Day, 33, is the lone, female cast member in FST’s “Laughing Matters 2009,” a musical parody that pokes fun at Sarasota politics, personalities and culture. She performed in the company’s first run of the show in 2007, and this year she hams it up again in a new set of contemporary spoofs.

From ripping Sarah Palin in rimless glasses and brunette wig, to mocking downtown Sarasota’s roundabout turmoil, “‘Laughing Matters’,” says Day, “is like vaudeville meets sketch comedy meets ‘Saturday Night Live’ for Sarasota.”

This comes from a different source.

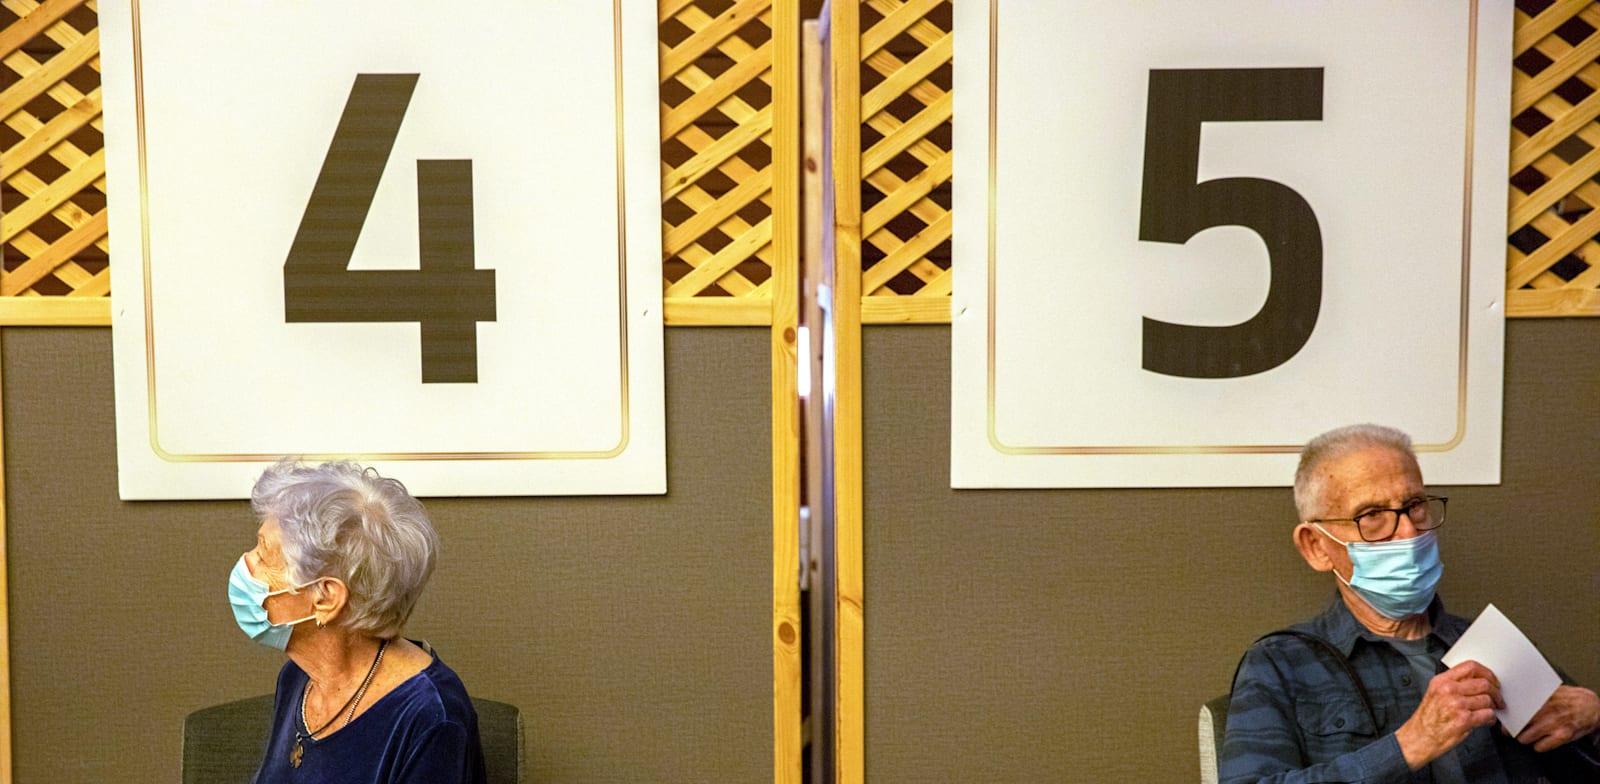 מחכים בתור להתחסן בבית אבות בגני תקווה / צילום: Associated Press, Ariel Schalit

A Southgate resident, Day is also one of several television spokespeople for 1-800-Ask-Gary’s lawyer and medical-referral services, a gig she landed after learning that the woman with whom she shared a StairMaster at the gym was the wife of Ask Gary owner Gary Kompothecras.

An Evansville, Ind., native, Day came to Sarasota in 2005 to work on an FST play called “The Last Schwartz.” After seven years in New York City and one hectic year in Los Angeles, the 5-foot-9 actress was exhausted and ready for a change of pace.

She began coaching acting classes and in 2007 founded Acting with Integrity, a program that offers after-school- and summer-camp drama lessons through the Boys and Girls Clubs of Sarasota County and the Sarasota Partnership for Children’s Mental Health.

She now commutes once a week to Nova Southeastern University, in Fort Lauderdale, where she is studying to get her master’s degree in drama therapy and marriage-and-family therapy.

“Now that I’ve taken acting to a different level, my passion for it has returned a hundred-fold,” she says.

INFORMATION
“Laughing Matters 2009” continues through June 6, at FST’s Goldstein Cabaret. To purchase tickets, call 366-9000 or visit www.floridastudiotheatre.org. For more on Acting with Integrity, call 646-221-8558 or visit www.actingwithintegrity.com.

DAY’S TOP FIVE MUSICALS
‘Oklahoma’
“I played Ado Annie a bajillion times, and ‘Overture’ still gives me goose bumps.”

‘Cabaret’
“I would love to play Sally Bowles, even though I’m always told I’m too tall, or too voluptuous, or too corn-bred for the role.”

‘Les Misérables’

“I was in high school the first time I saw ‘Les Mis.’ I still cry every time I hear the score.”

‘The 1940s Radio Hour’
“It’s not an original musical, but it’s one of the most fun times I’ve ever had on stage. It’s set during World War II and centered around a holiday show for the troops.”

‘Crazy for You’

“I’m crazy about anything Gershwin. I just love music from the 1930s and 1940s. Berlin. Howard Arlen. They were such wonderful wordsmiths.”